I suggest that an understanding and evaluation of the young Hegel's criticism of
Kant depends on answering a question which the authoress does not raise, namely:
How did the enthusiastic Kantian of 1794 become a critic of Kant by 1800 ? My answer
would attach far more importance to his study of religion, history, and Greek philosophy
than to the supposed influence of Fichte, Holderlin, and Schelling.

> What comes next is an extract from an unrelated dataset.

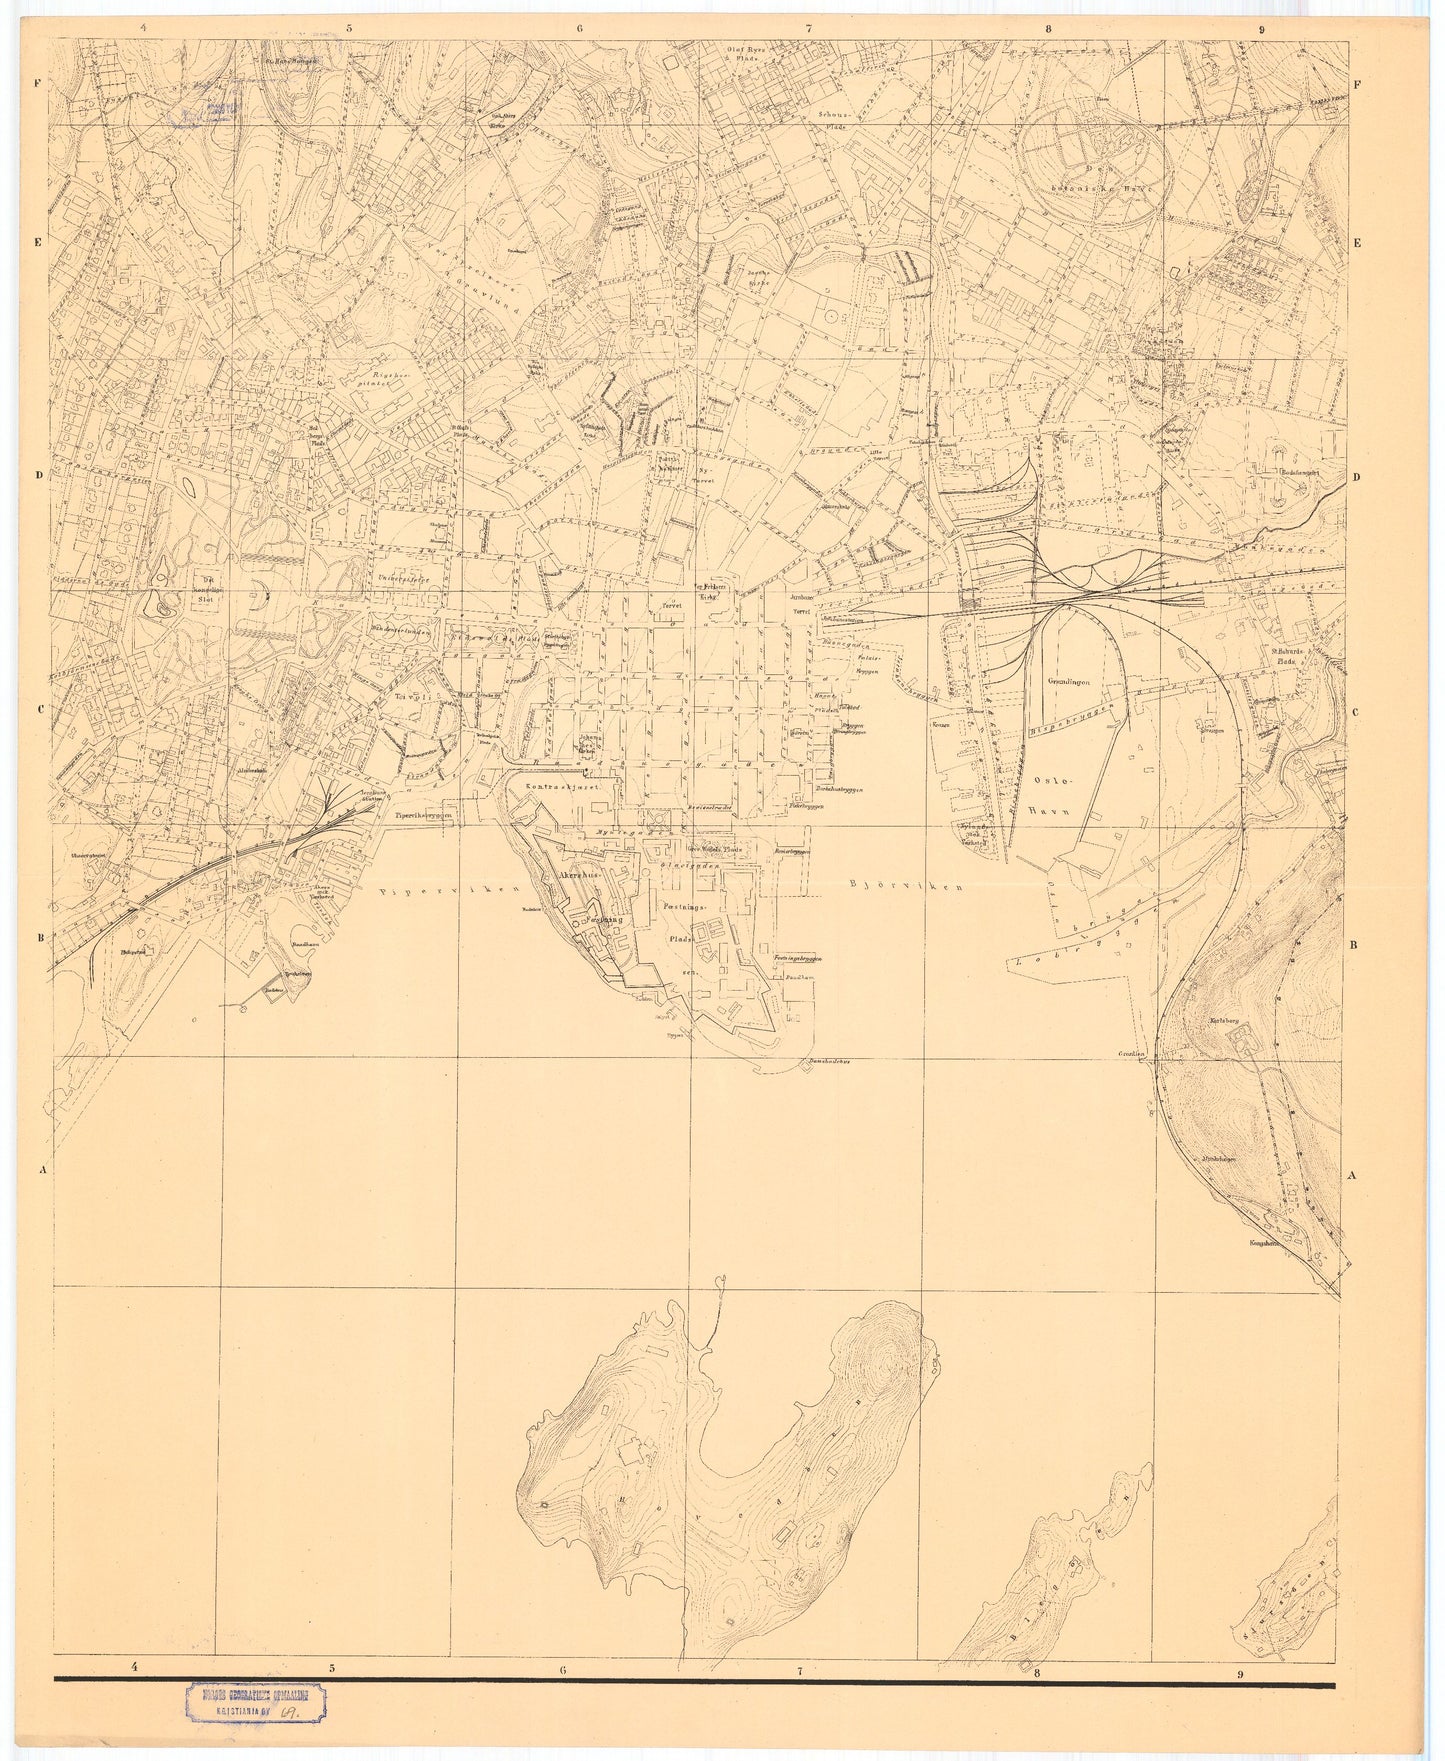 Kristiania amt nr 69: Kart over Kristiania med det Kristiania Bygningslov underlagte Bælte af Aker: Oslo

To suppose that Hegel, influenced by Fichte, misunderstood Kant is like supposing
(as has happened) that a twentieth century critic can understand Plato better than
Aristotle did. Hegel was steeped in Kant : Kant, he said, was his education. He revered
Kant as the founder of German philosophy, a master whom Hegel's contemporaries
were ignoring. Many, he said, would think his numerous references to Kant superfluous,
but he persisted because, in his view, for all his difference from his master, Kant was
the Bahnbrecher.
Of course Hegel's presuppositions and standpoint were not Kant's. He thought
that Fichte had "completed"
the Critical Philosophy. Kant thought differently.
Thus it is not surprising that Professor Br6cker should say that there was no real
conversation between Kant and Hegel. C. Stommel said the same in a Halle Dissertation in 1876. He is quoted in Wyneken's Hegels Kritik Kants (1898), but that is not
in the authoress's bibliography either.